Para os traficantes, foram endurecidas as penas de prisão, o que explicaria o aumento de encarcerados por crime de drogas após a legislação de 2016. Penas de 5 a 15 anos são previstas para quem cultiva, importa, exporta e guarda substâncias ilícitas.

Diferenciar o usuário do traficante é papel do juiz, que, segundo a lei, “atenderá à natureza da substância apreendida, ao local e às condições em que se desenvolveu a ação, às circunstâncias sociais e pessoais, bem como à conduta e aos antecedentes do agente” (art. 28).

O que defende o anteprojeto

De acordo com o ministro Ribeiro Dantas, do Superior Tribunal de Justiça (STJ), que presidiu a comissão para a proposta de alteração da Lei de Entorpecentes, o anteprojeto aprimora a proteção ao usuário e intensifica a repressão ao tráfico.

“A legislação atual falhou, e a atualização dessa lei é um tema que interessa a toda a sociedade”, disse Dantas. O ministro destaca a mudança na tipificação dos crimes, com penas maiores para tráfico organizado e penas mais brandas para pequenos traficantes.

Uma das preocupações é abrandar penas de quem vende drogas para sustentar seu consumo, por exemplo, ou que são coagidas a levar entorpecentes para dentro de presídios, caso comum entre mulheres. Para o ministro, da forma como a lei está hoje, o encarceramento em massa cria “soldados para o tráfico” sem sinais de impacto sobre redução de consumo.

Quais são as ressalvas

Para advogado Leandro Daiello, ex-Diretor-Geral da Polícia Federal, estabelecer por meio da quantidade de droga portada quem é usuário ou traficante não resolverá o problema da criminalidade nem do aumento da população carcerária.

A ideia de adotar quantidades objetivas já foi levantada no Supremo Tribunal Federal, e na época também foi criticada pela possibilidade do tráfico se adaptar à nova regra, adotando o porte permitido pela Justiça.
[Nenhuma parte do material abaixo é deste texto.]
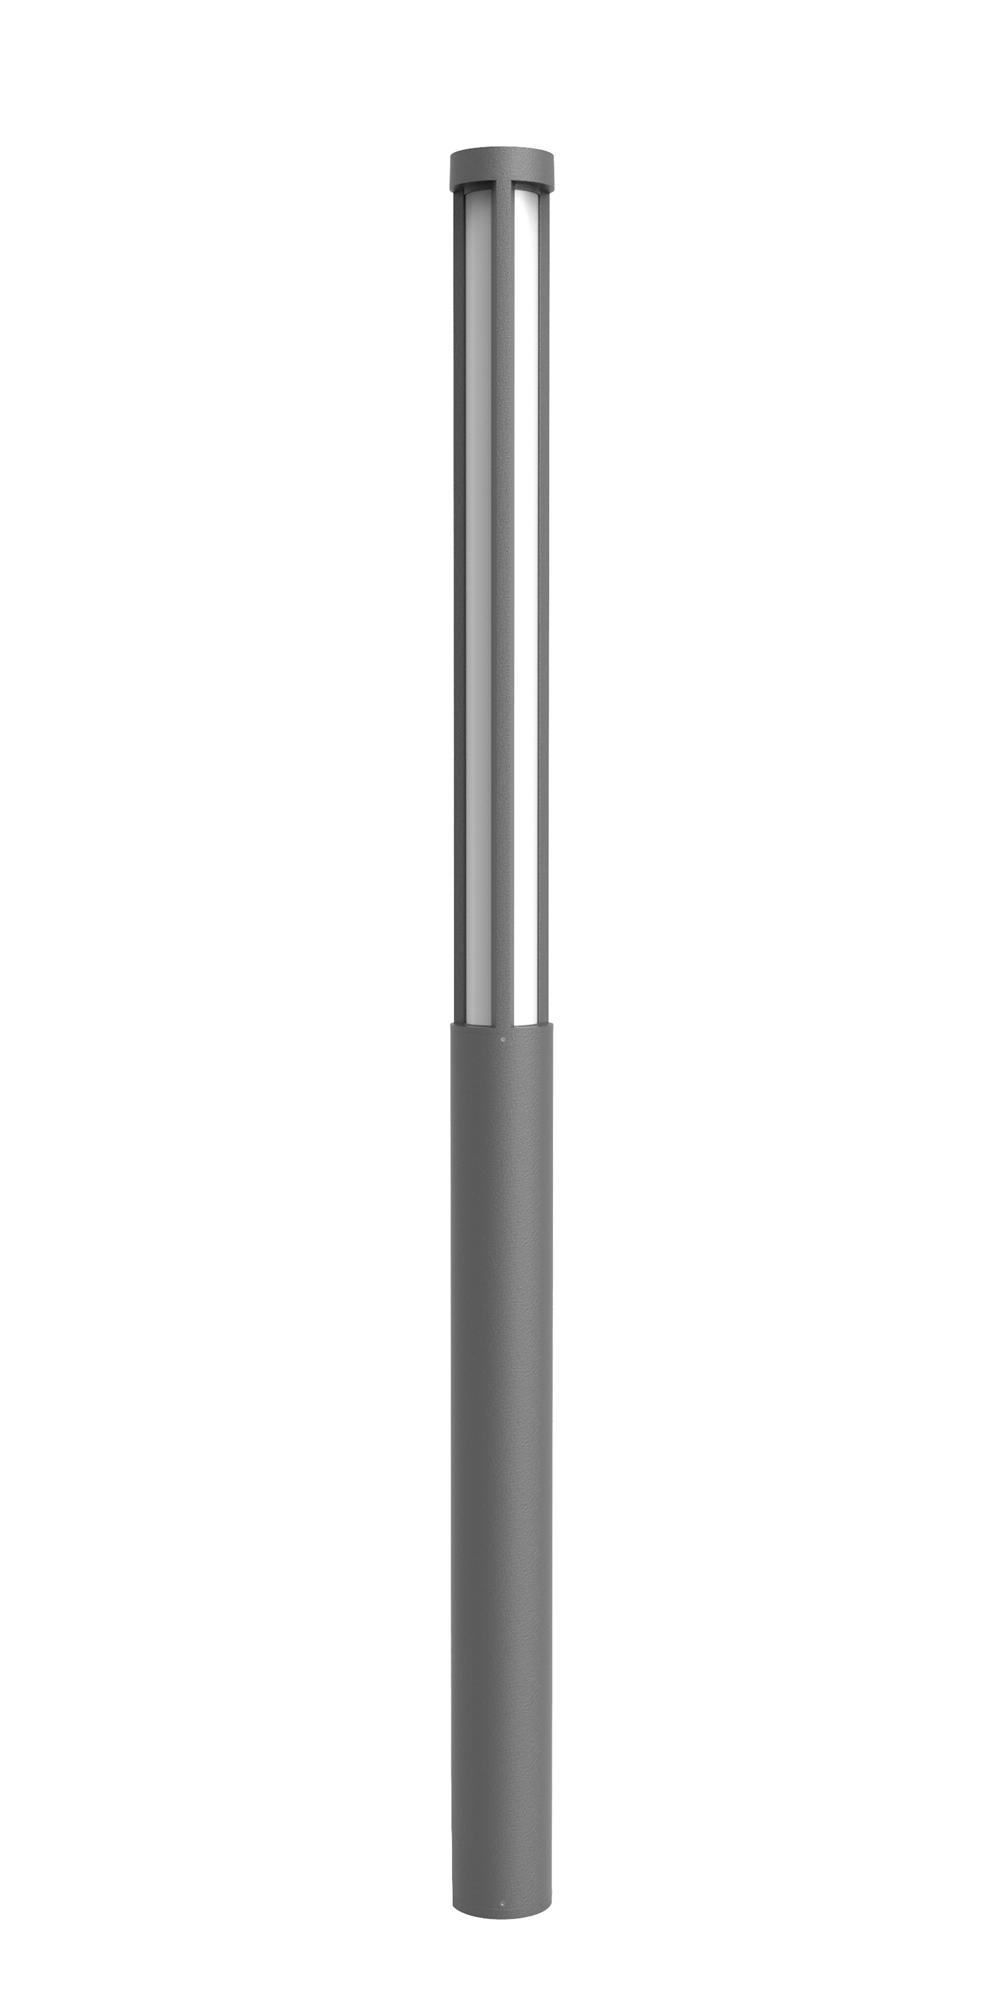 Lampenlux Außenleuchte Pollerleuchte Baleo Höhe: 2,5m Ø14.5cm 30W 2200lm IP54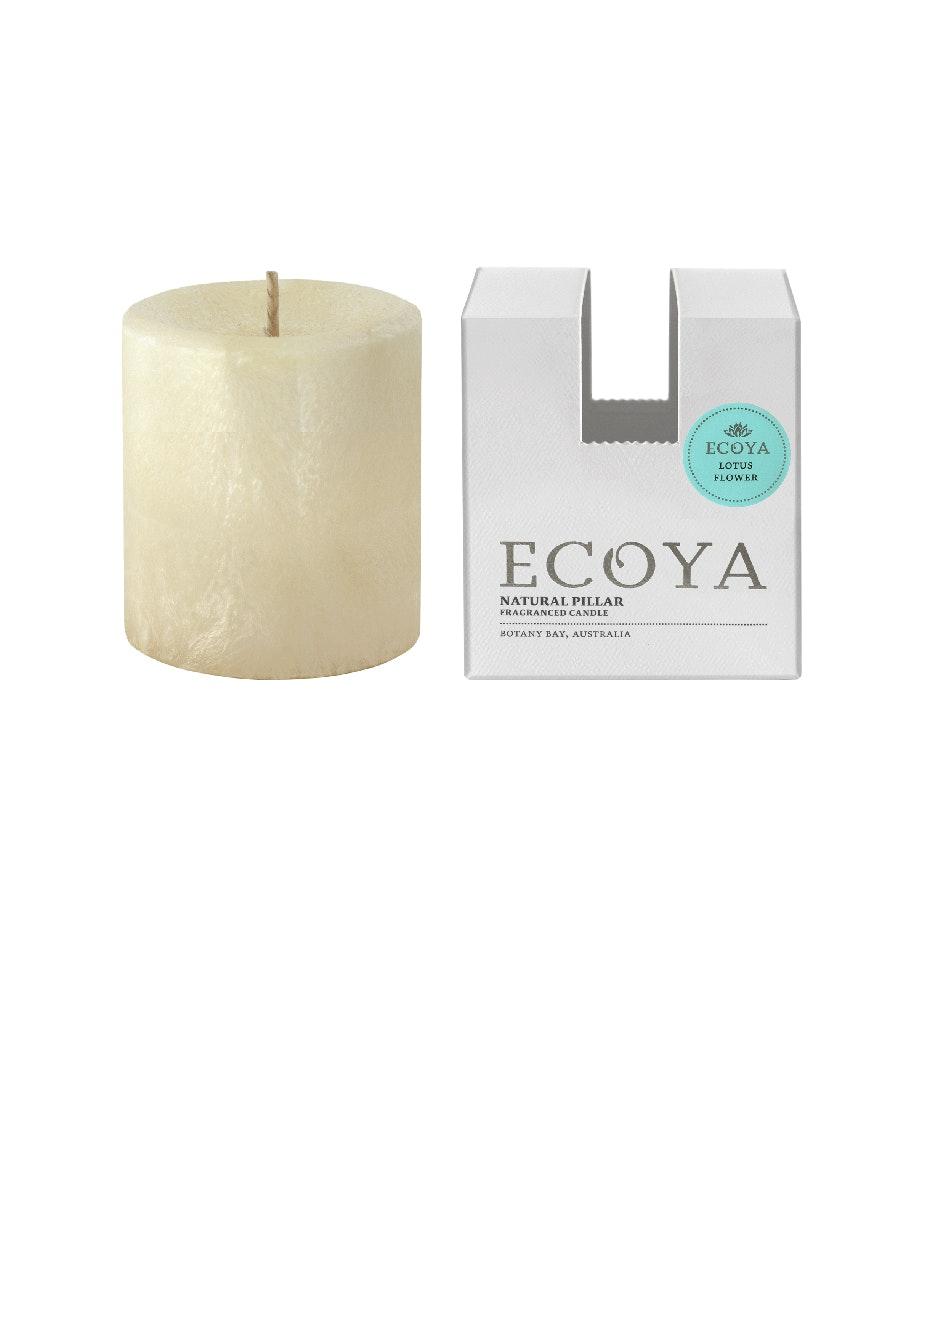 Ecoya - Pillar 75x85 Natural - Lotus Flower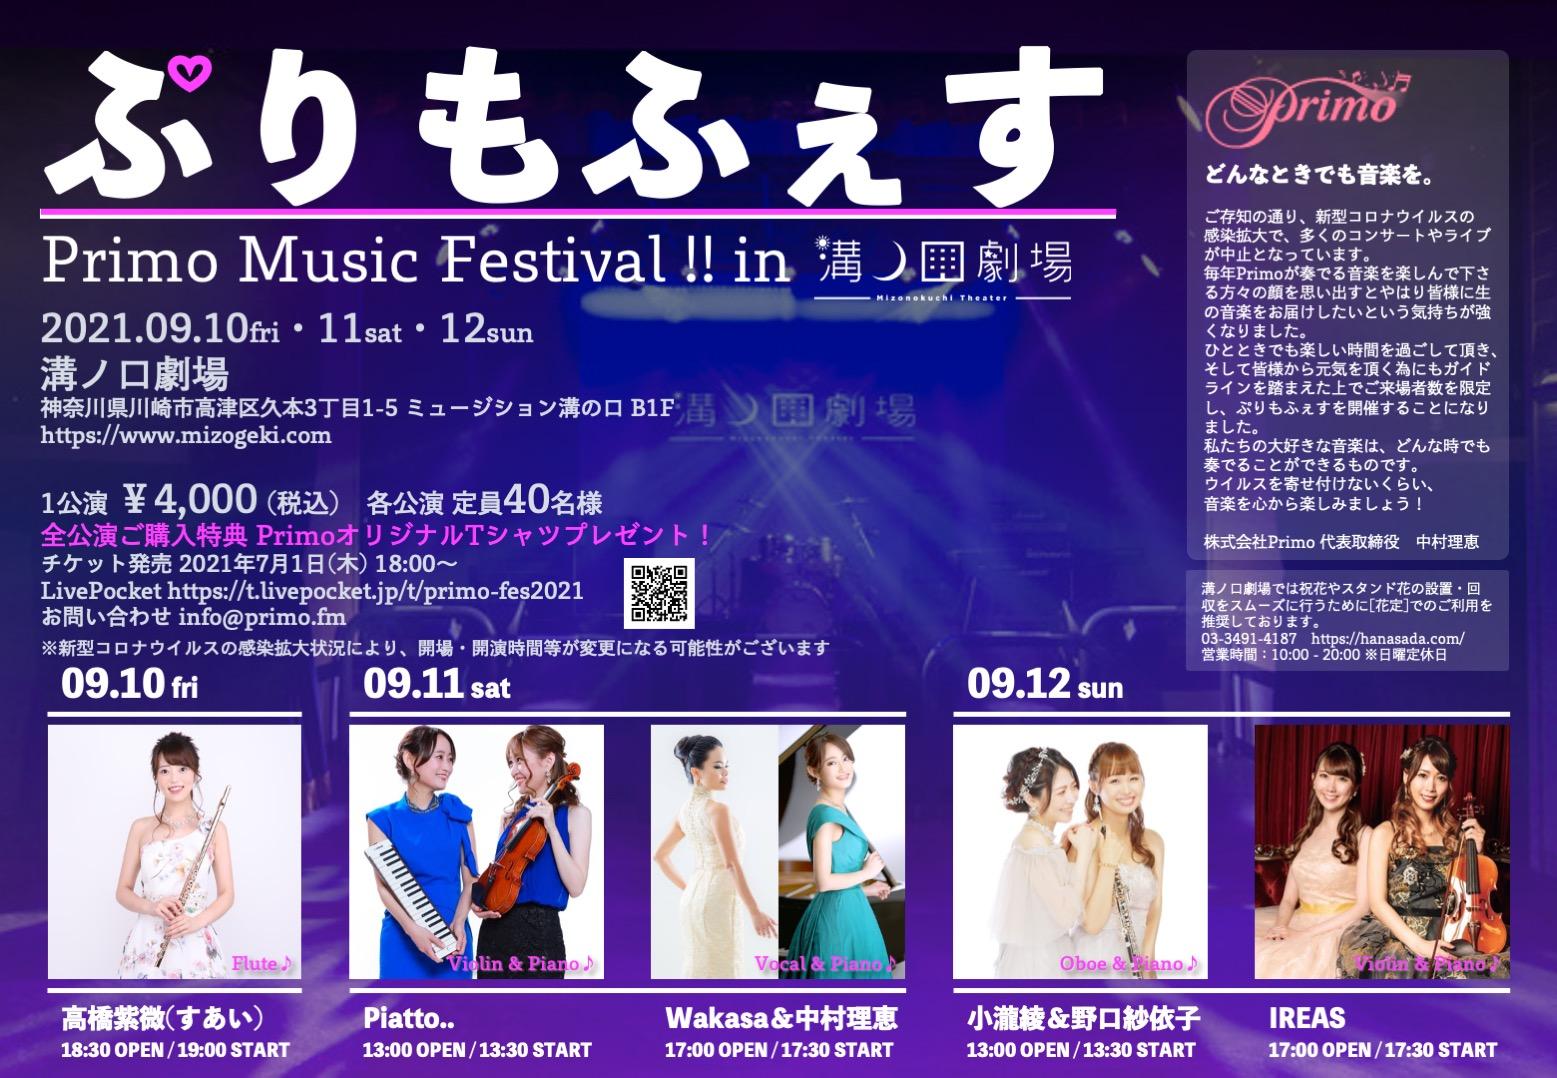 ぷりもふぇす~Primo Music Festival !! in溝の口劇場~

Outro problema seria uma regra rígida punir automaticamente usuários que tenham mais droga do que o permitido.

“Não me parece uma proposta eficiente, pois tanto é possível haver usuários portando grande quantidade de drogas, quanto traficantes com pequena quantidade. O que define usuário ou traficante é a investigação e o processo, que precisam ser criteriosos e bem preparados”, diz Daiello em entrevista ao IREE.

Para o ex-diretor da PF, o problema está na forma com que o processo é encaminhado, e não na lei em si. “Para se prender um traficante, é preciso investigar. E aí existe a diferença entre quem trabalha para o crime e quem vende drogas para poder consumir, por exemplo”, avalia ele.

Daiello também é crítico da ideia de que prender é a solução para o problema das drogas e defende que o encarceramento seja voltado apenas para caso de risco à sociedade. “Mas falta uma retaguarda para lidar com casos que não deveriam ser encaminhados para a carceragem. Sem falar nas péssimas condições dos presídios, o que também precisa ser solucionado”, diz.

Outra ressalva levantada por Daiello diz respeito à descriminalização do uso. Segundo ele, é preciso pensar na dificuldade que o Brasil tem para controlar as drogas legais, como o caso do cigarro, que têm um mercado paralelo forte ainda hoje. “O problema é o mercado paralelo, legalizar uma droga não permite que automaticamente se tenha controle sobre o seu mercado”, diz ele.

Perspectivas

A transformação do anteprojeto em projeto de lei e sua futura aprovação dependerá do encaminhamento no Congresso. A proposta conta com o apoio do presidente da Câmara, que é o responsável por definir como a proposta deverá tramitar, mas pode encontrar resistência, devido à composição mais conservadora do parlamento.

Alguns sinais, no entanto, indicam que pode haver algum avanço sobre o debate. O deputado João Campos (PRB-GO), por exemplo, apesar de ser contra a descriminalização do uso, já se manifestou favorável à discussão do tema.

De qualquer forma, é provável que uma definição sobre o tema venha antes do STF, que marcou para 5 de junho deste ano o julgamento sobre a descriminalização do porte de drogas para uso pessoal.

O caso começou a ser julgado em 2015 e três ministros já votaram a favor da descriminalização do consumo de drogas, sendo que dois votos restringiram a decisão à maconha. A decisão do STF tem repercussão geral, com efeito em todas as ações que tramitam no país.